The way to add timing is to indirectly add it, by adding a "probe" to the wait event start and end functions (pgstat_report_wait_start() and pgstat_report_wait_end() functions) before the compilation and linking of the source. By having such a probe, we can use bpftrace (or SystemTap) to pick up the wait event start and end occasions, and see and time the wait events.
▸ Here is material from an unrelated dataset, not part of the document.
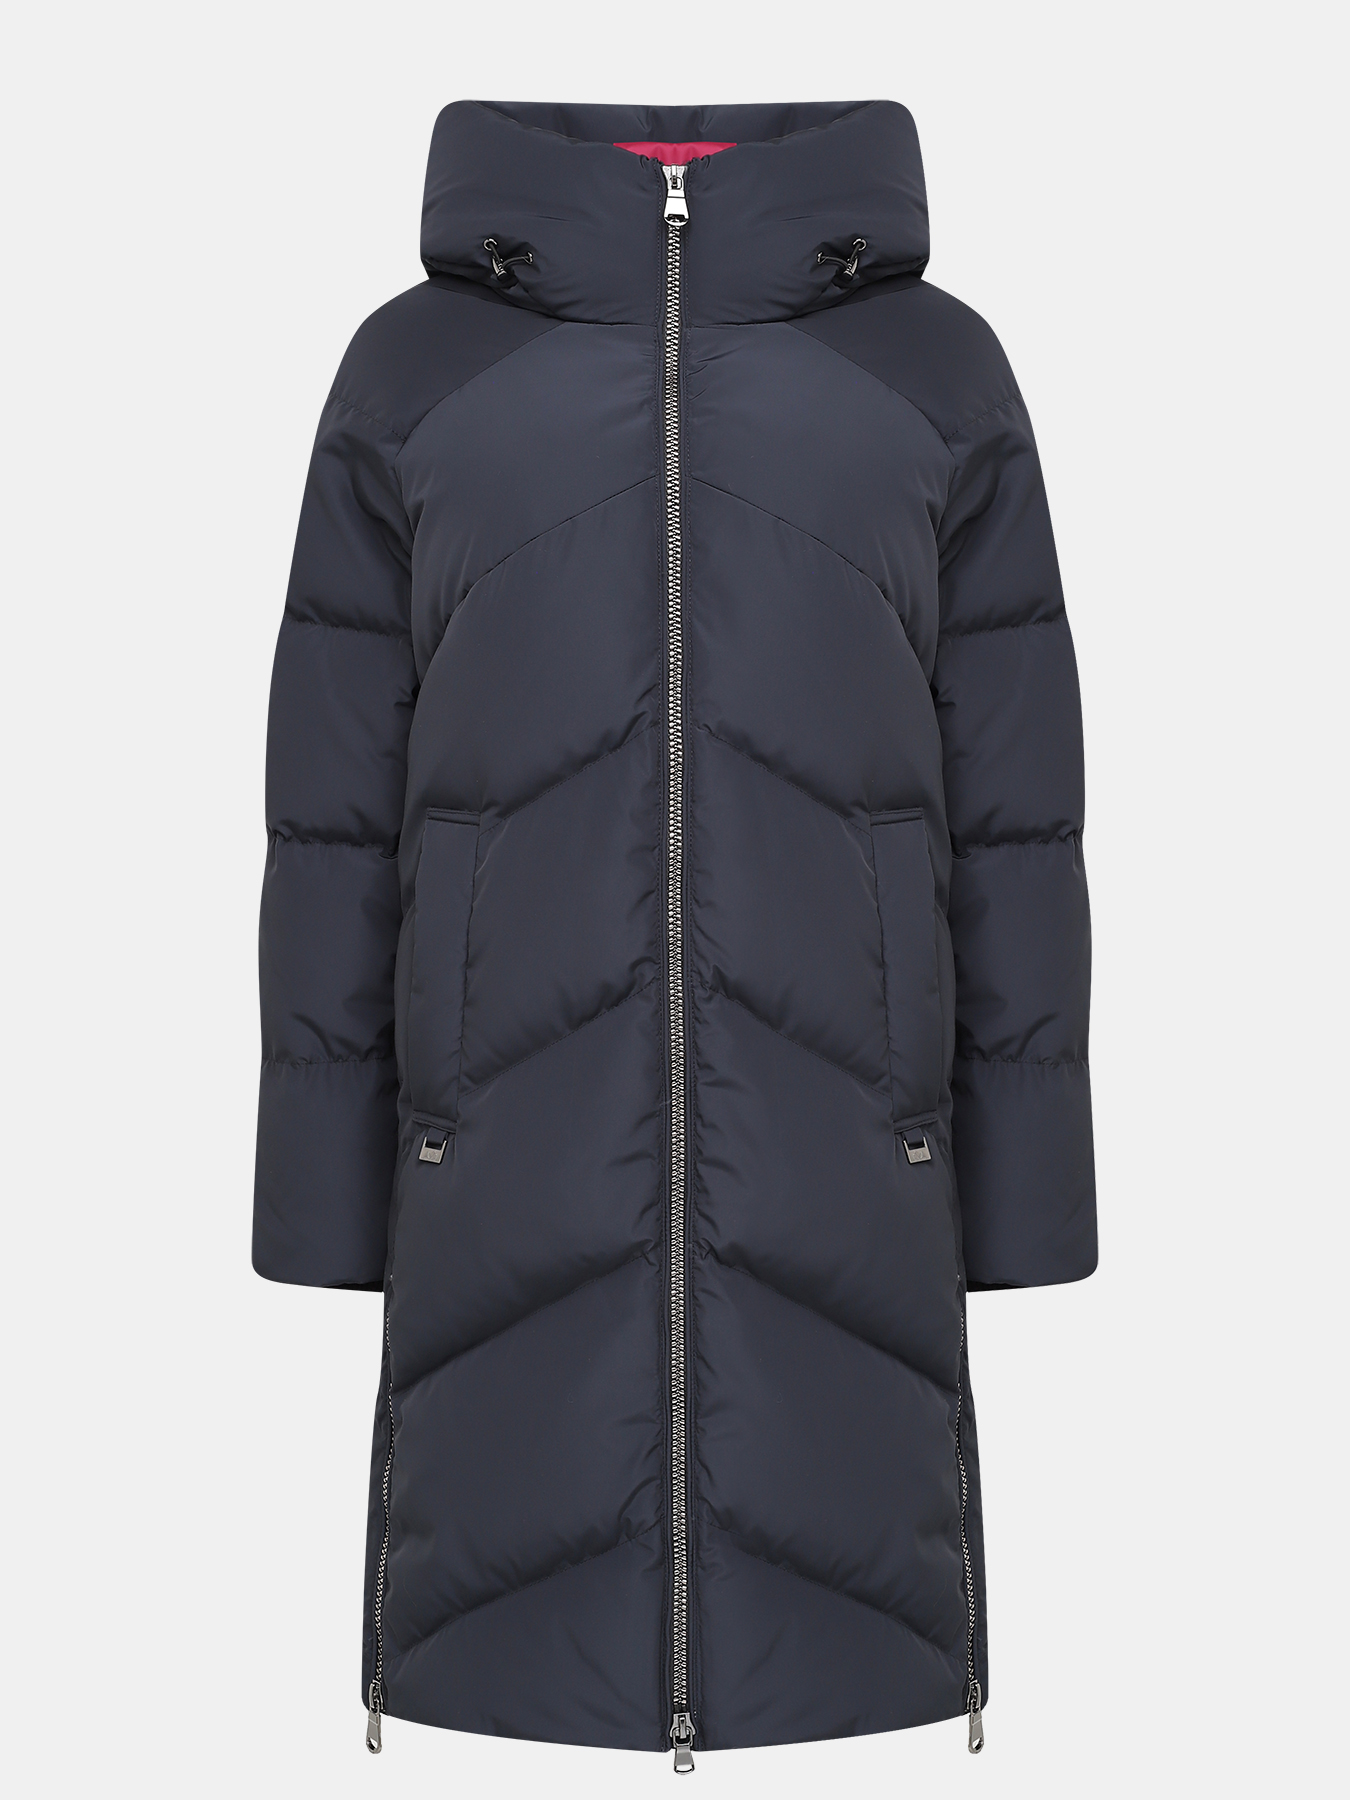 Пальто зимнее AVI 433610-021, цвет темно-синий, размер 46

Adding probes is very easy. To add the two probes for wait event start and wait event end, it's the addition of 5 lines to the source of PostgreSQL:

Add the probes to the file that contains the pgstat_report_wait_start() and pgstat_report_wait_end(); src/include/utils/wait_event.h:

diff --git a/src/include/utils/wait_event.h b/src/include/utils/wait_event.h
index 009b03a520..f3b06113e9 100644
--- a/src/include/utils/wait_event.h
+++ b/src/include/utils/wait_event.h
@@ -28,6 +28,9 @@
 /* enums for wait events */
 #include "utils/wait_event_types.h"

+/* pg_trace for TRACE_POSTGRESQL macros */
+#include "pg_trace.h"
+
 extern const char *pgstat_get_wait_event(uint32 wait_event_info);
 extern const char *pgstat_get_wait_event_type(uint32 wait_event_info);
 static inline void pgstat_report_wait_start(uint32 wait_event_info);
@@ -87,6 +90,7 @@ extern char **GetWaitEventExtensionNames(int *nwaitevents);
 static inline void
 pgstat_report_wait_start(uint32 wait_event_info)
 {
+       TRACE_POSTGRESQL_WAIT_EVENT_START(wait_event_info);
        /*
         * Since this is a four-byte field which is always read and written as
         * four-bytes, updates are atomic.
@@ -103,6 +107,7 @@ pgstat_report_wait_start(uint32 wait_event_info)
 static inline void
 pgstat_report_wait_end(void)
 {
+       TRACE_POSTGRESQL_WAIT_EVENT_END();
        /* see pgstat_report_wait_start() */
        *(volatile uint32 *) my_wait_event_info = 0;
 }

And add the probes to the probe list in src/backend/utils/probes.d:

diff --git a/src/backend/utils/probes.d b/src/backend/utils/probes.d
index 0af275587b..a1e53e8e24 100644
--- a/src/backend/utils/probes.d
+++ b/src/backend/utils/probes.d
@@ -91,4 +91,8 @@ provider postgresql {
        probe wal__switch();
        probe wal__buffer__write__dirty__start();
        probe wal__buffer__write__dirty__done();
+
+        probe wait__event__start(uint32);
+        probe wait__event__end();
+
 };

Next up is set the switch to enable "dtrace" for compilation, and compile and link the PostgreSQL source.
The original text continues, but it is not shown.